Grabsteine wurden in der Regel am ersten Jahr nach dem Tode ausgegeben. Ihre Symbolik bezieht sich auf das Geschlecht der Verstorbenen, Aktivitäten und seine Frömmigkeit. Zum Beispiel sind die Kerzen in den Leuchter, manchmal gebrochen, nur auf den Grabsteinen der Frauen; gerade weil Frau am Freitag Abend Kerzen für den Sabbat anzündet. Das Buch oder Bücher auf einem Regal, symbolisieren dass der Verstorbene ein Rabbiner, Schreiber, oder Lehrer in einer Synagoge war. Die Hände in einer charakteristischen Geste des Segens symbolisieren einen Nachkommen des biblischen Familie Kohen, oder Priester. Das Bild eines Löwen ist das Symbol der Leviten, die den Glauben verbreiten und verteidigen, das Reh ist ein Symbol für den Stamm Naphtali, die Krone auf den Grabsteinen symbolisiert die eheliche Liebe.

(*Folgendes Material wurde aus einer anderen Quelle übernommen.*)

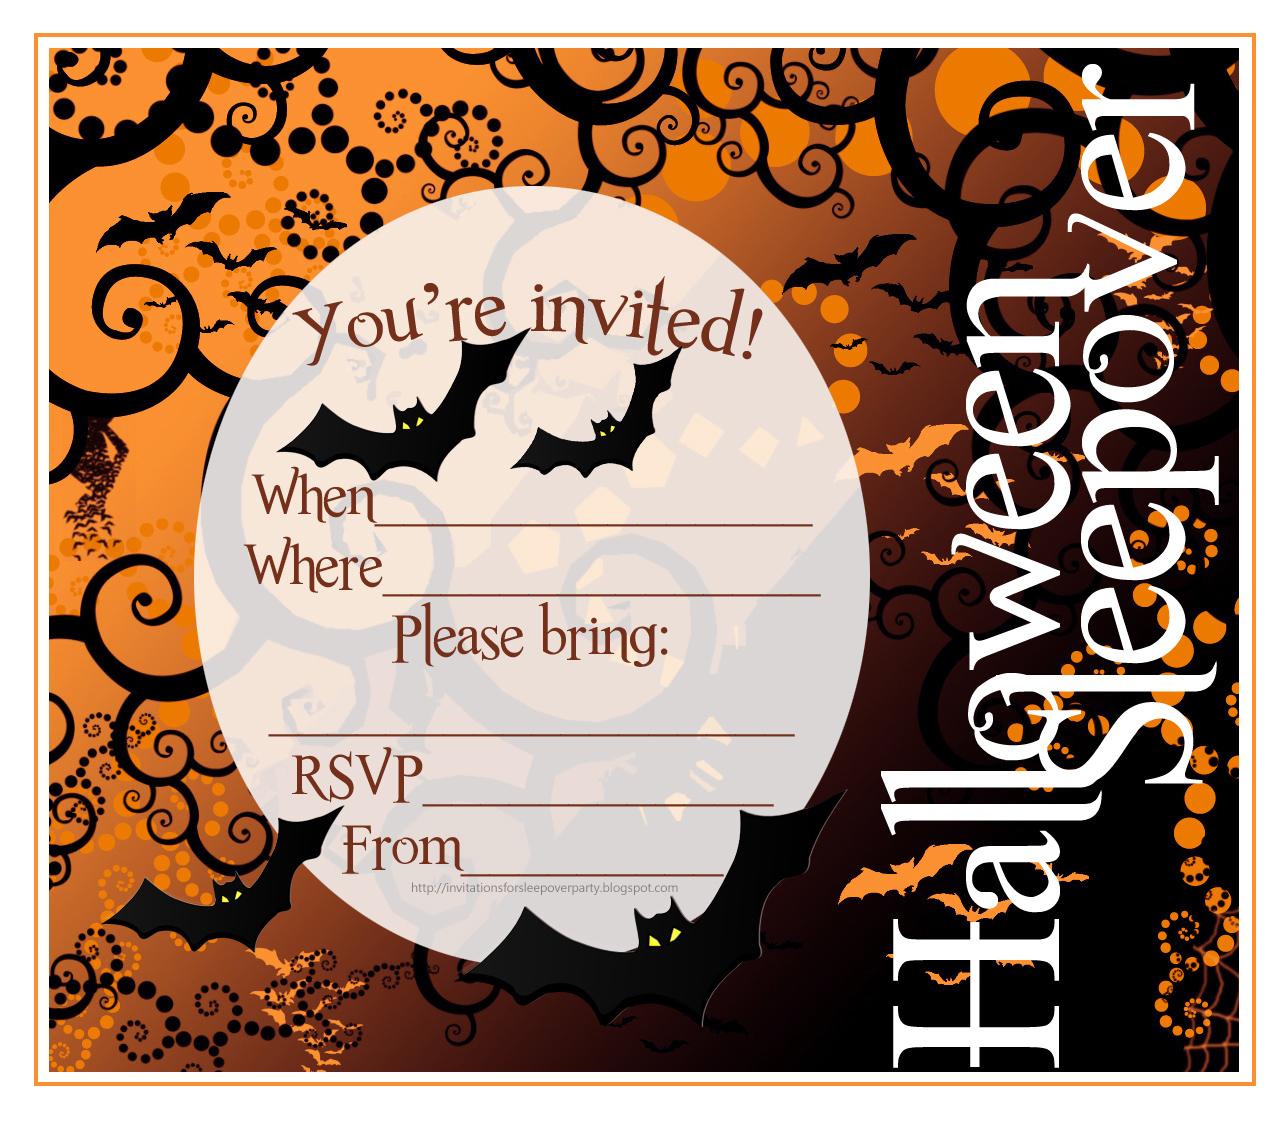 Free Printable Halloween Sleepover Invitations | Halloween Arts - Free Printable Halloween Party Invitations

Jüdische Inschriften unterscheiden sich erheblich von denen auf den Gräbern der Christen. Sie sprechen vor allem vom Trauer und der Leere, beschreiben das Leben und Charakter eines Verstorbenen. Ihre Einzigartigkeit unterstreicht auch die hebräische Sprache, die für polnische Juden nur die Sprache des Gebets war. Unter den Szydlowiecer Grabsteinen gibt es keine zwei die gleich sind. Sie sind das Zeugnis der Kunst der lokalen Steinmetzen. Szydłowiecer Friedhof wird von vielen Nachkommen derer hier begrabenen Juden besuchte, darunter von Chassidim – der Anhänger des Rabbiner Zadik, der im vor kurzer Zeit gebauten Ohel ruht.